For practitioners, the importance lies in certainty and reliance. When advising a trustee—whether in the context of establishing a trust, reviewing an investment portfolio, or responding to a beneficiary’s request—counsel must identify the legal basis for the trustee’s investment decisions. An authorising order like this provides a clear statutory hook: the United Singapore Bond Fund is declared authorised for the purposes of the Trustees Act.
From an enforcement and risk perspective, the absence of authorisation (or reliance on an outdated authorising instrument) can create compliance exposure. Trustees may face challenges if they hold investments that are not authorised or do not fall within the statutory categories applicable to them. Therefore, confirming the current status of the relevant authorising order—particularly where a “current version” is maintained and amendments may occur—is a routine but critical step in legal due diligence.
Related Legislation
- Trustees Act (Chapter 337) — in particular, section 83 (the enabling provision referenced in the enacting formula)

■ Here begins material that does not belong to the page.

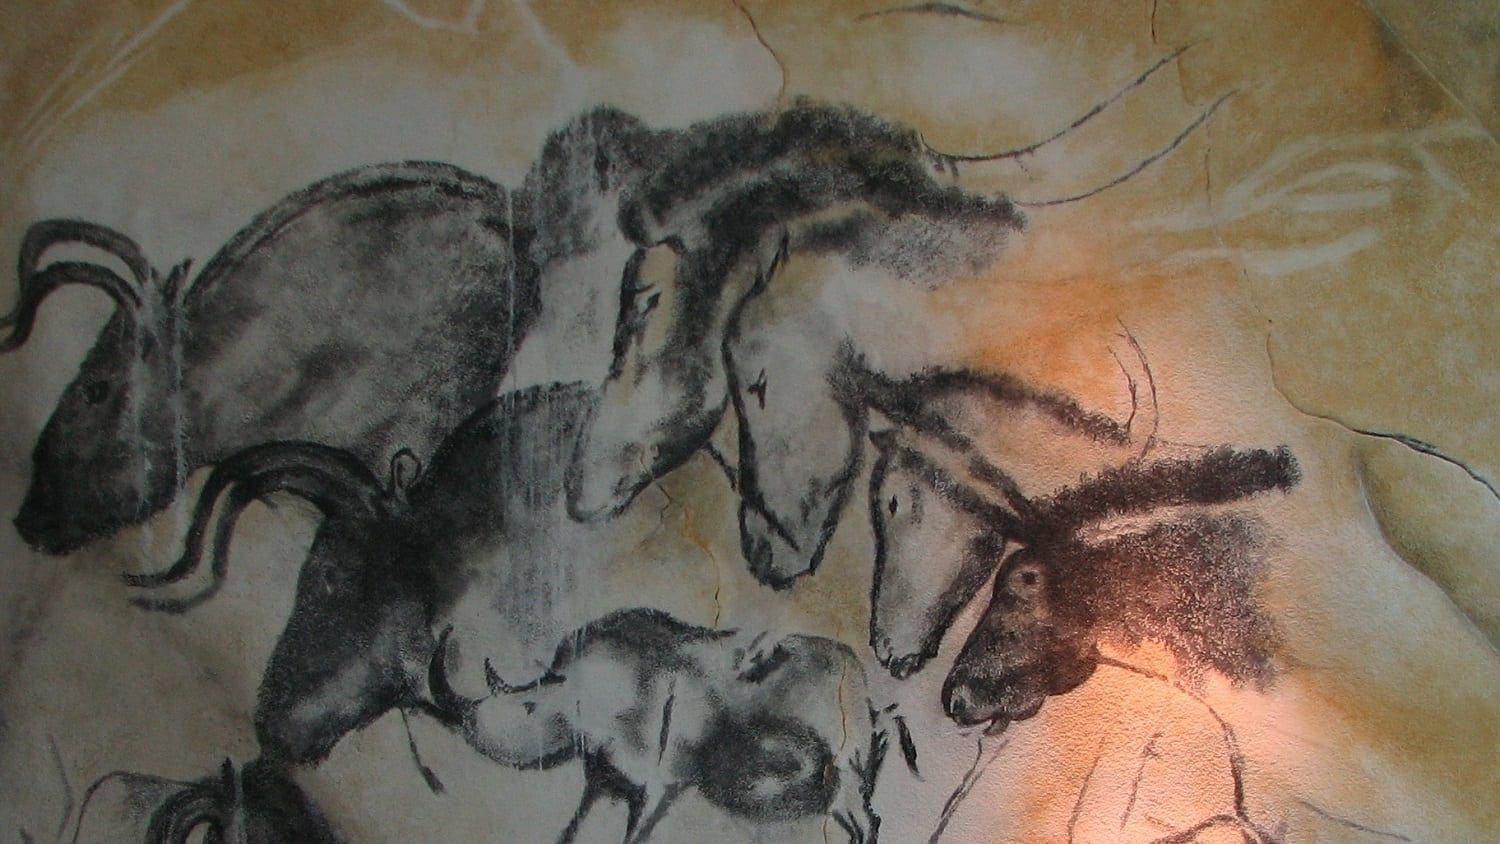 Replica of the "Horse Panel" painting in the Chauvet Cave, France

- Timeline / amendments records associated with SL 254/2004 (to confirm whether the authorisation has been amended, replaced, or otherwise affected)
Source Documents
This article provides an overview of the Trustees (Authorised Unit Trust Scheme) (No. 9) Order 2004 for legal research and educational purposes. It does not constitute legal advice. Readers should consult the official text for authoritative provisions.